6 Common Mistakes — Don't Do This
🚫 Ignoring exit codes in CI
I used to think: If the console output says "PASSED," the CI step succeeded.
Actually: CI systems decide pass/fail based on exit codes, not console text. If your test runner returns 0 even on failure (some misconfigured wrappers do this), CI will mark the build green while your tests are red. Always verify: echo $? after a local run.
🚫 Running the full suite for every change
I used to think: More tests running means more confidence.
Actually: A 40-minute PR pipeline trains developers to bypass it. Use filtering: run smoke tests on PR, full regression nightly. Fast feedback beats exhaustive feedback if developers ignore the slow one.
🚫 Not archiving artifacts on failure
I used to think: The failure message in the console is enough to debug.

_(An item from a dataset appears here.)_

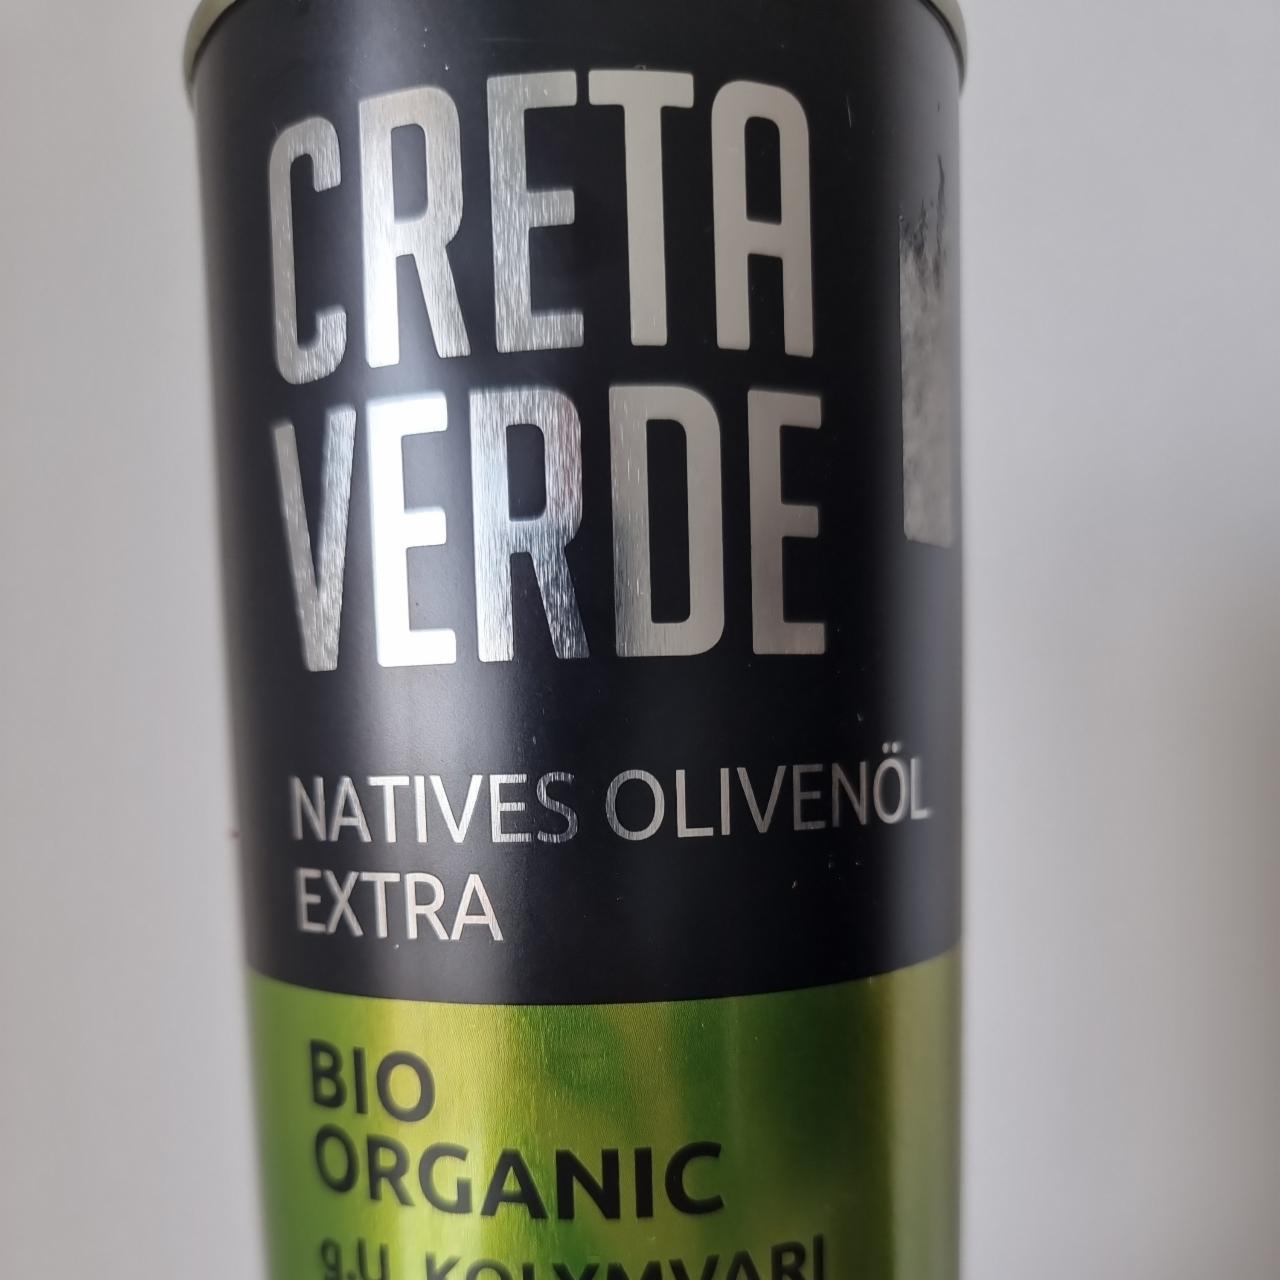 Fotografie - Natives Olivenöl Extra Creta verde

Actually: "Element not found" tells you nothing about why. Screenshots, trace files, and HAR logs show the actual page state at failure. Configure your CI to upload these on failure only — it saves storage and gives you forensics.
When this technique fails
If your test passes locally but fails in CI, you're not seeing the real error. CI runs in different browser versions, on different hardware, with different timings. Exit code 1 means failures, but you need the HTML report and screenshots to know what actually broke.
7 Now You Try — Interview Warm-Up
Scenario: Your CI pipeline runs pytest tests/ --tb=short. The build is marked as passed, but when you open the HTML report, you see three tests failed and then passed on retry. No one on the team has investigated the original failures.

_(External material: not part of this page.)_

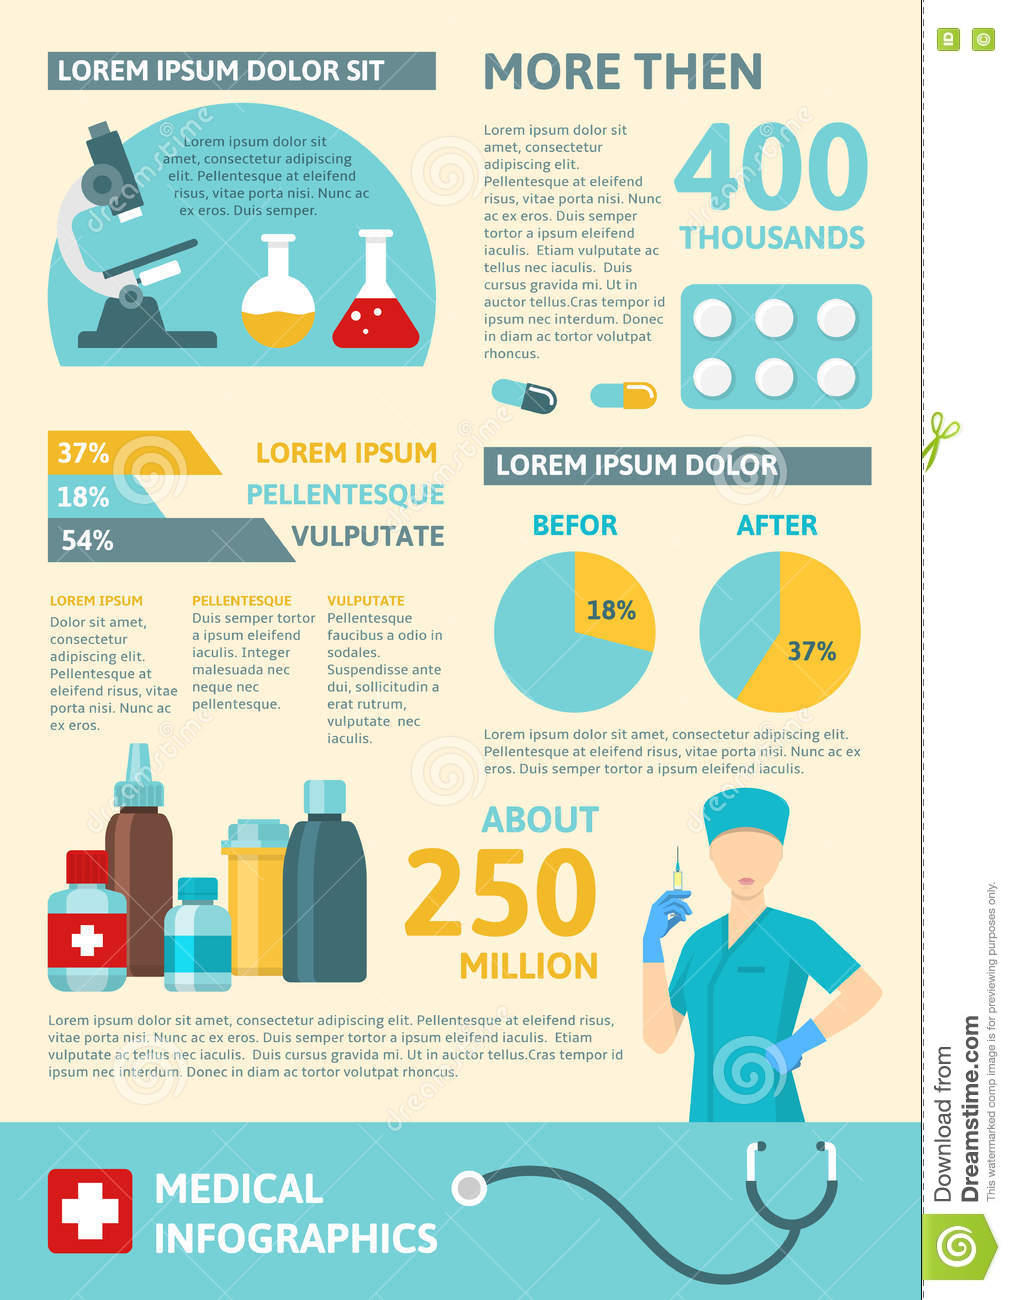 Trends in Alternative Medicine [Infographic] - Business 2 Community

What is the hidden risk, and what should your team do?
The hidden risk:
Flaky tests that pass on retry mask real instability. The three failures could be timing issues that will eventually fail consistently — possibly in production. The team's behaviour has normalized flakiness. The fix: treat every retry as a bug. Investigate root cause (selector stability, test data isolation, environment drift), fix it, and consider using --fail-on-flaky-tests (Playwright) or similar flags to prevent retry masking.
8 Self-Check — Can You Actually Do This?
Click each question to reveal the answer. If you got all three, you're ready to practice.
Q1. Why is pytest -k "login" useful?
It filters the test suite to run only tests whose names contain "login." This gives fast feedback when you're working on authentication logic without running the entire suite.
Q2. What does exit code 1 mean from a test runner?
At least one test failed, or there was a test collection error. CI systems treat exit code 1 as a failure and will block the build.
Q3. What three things should you check when a UI test fails?
1) The assertion message (expected vs. actual), 2) The stack trace (which line in your code failed), 3) Screenshots or trace files (what did the page actually look like at the moment of failure).